The three-day electronic music event was kicked out of Bayfront Park, its home the past 18 years, when commissioners voted Sept. 27 unanimously not to renew their contract for next year. They cited the noise and traffic bothering downtown residents as their prime concerns.
But in reality Carollo is just trying to trade in one noise and traffic nightmare for another: Formula One racing. He thinks that if he can appease the downtown residents on Ultra — there, I did that for you — then it will be easier to sell the Miami Grand Prix.
Read related: Joe Carollo files late campaign report, with $60K to mayor’s daughter-in-law
And he’s doing it for his new BFF, lobbyist CJ Gimenez, son of Miami-Dade Mayor Carlos Gimenez. CJ represents Formula One racing interests.
But what people need to know is that its not apples for oranges.
Yes, the Formula 1 racing would likely not extend into the wee hours of the morning like Ultra does. But the noise is arguably worse and the traffic is still going to be a nightmare. And the agreement negotiated so far with the city manager provides far less rent to the city than Ultra, whose organizers had agreed to pay $2 million annually to the city for the three day use of the park, a demand Carollo had made.
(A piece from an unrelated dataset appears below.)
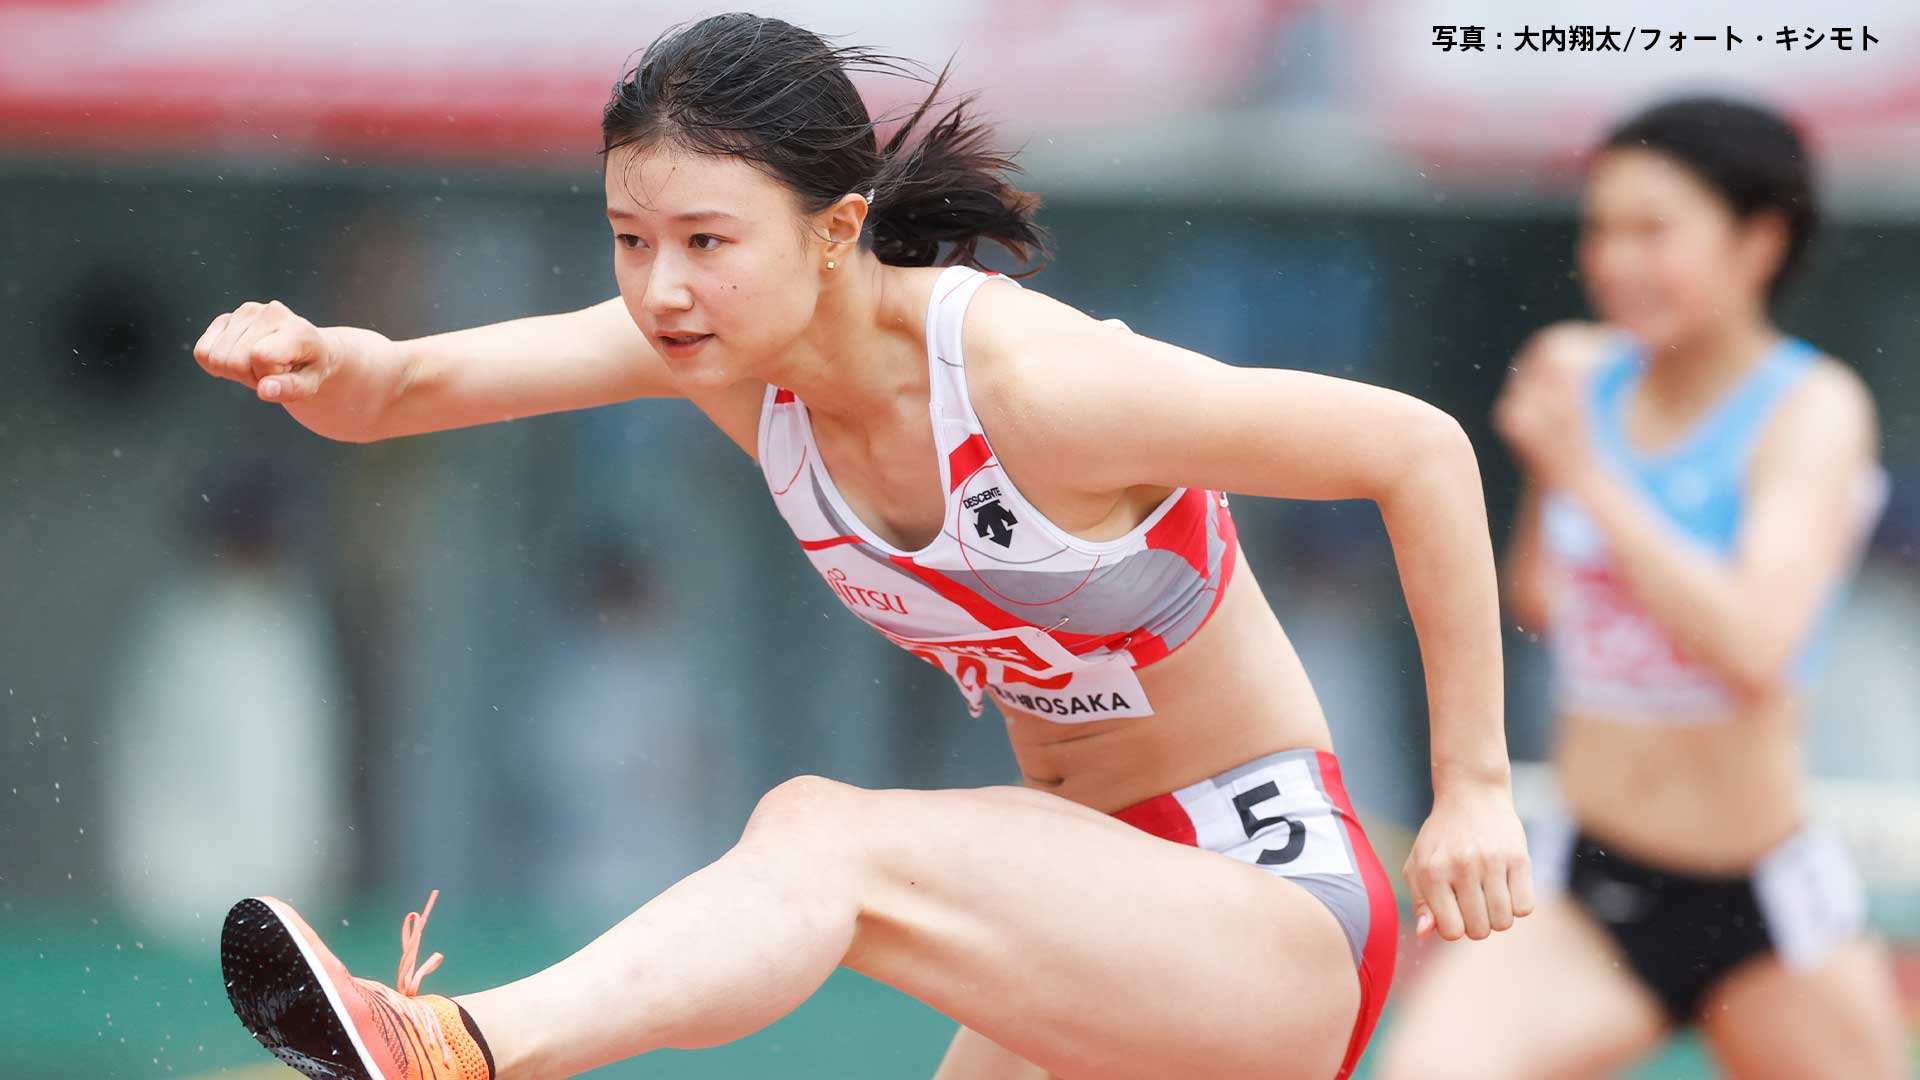 陸上 女子 世界リレー横浜】女子4×200mR決勝 日本選手レース後コメント ...

Read related: Why is Joe Carollo on Mayor Carlos Gimenez’s camp’s payroll
But Carollo and the Gimenez clan have a very special relationship. It’s a relationship where Mayor Gimenez was paying him $6,000 a month through his political action committee — for what? nobody knows — and where Crazy Joe paid the mayor’s daughter-in-law Tania Cruz, an attorney, almost $60,000 for mailers and campaign work. Both CJ and Tania, photographed right at a 2017 campaign event, were very present during Carollo’s commission contest and Cruz helped represent him after Alfie Leon challenged his residency.
Yes, it was an anonymous vote to deny Ultra another year. But Carollo was the one who negotiated and brought the contract to the table. Was it sabotage? Did he bring a poison pill?
Why wouldn’t he make it easier for his pal CJ to get Formula One passed? Todo en familia.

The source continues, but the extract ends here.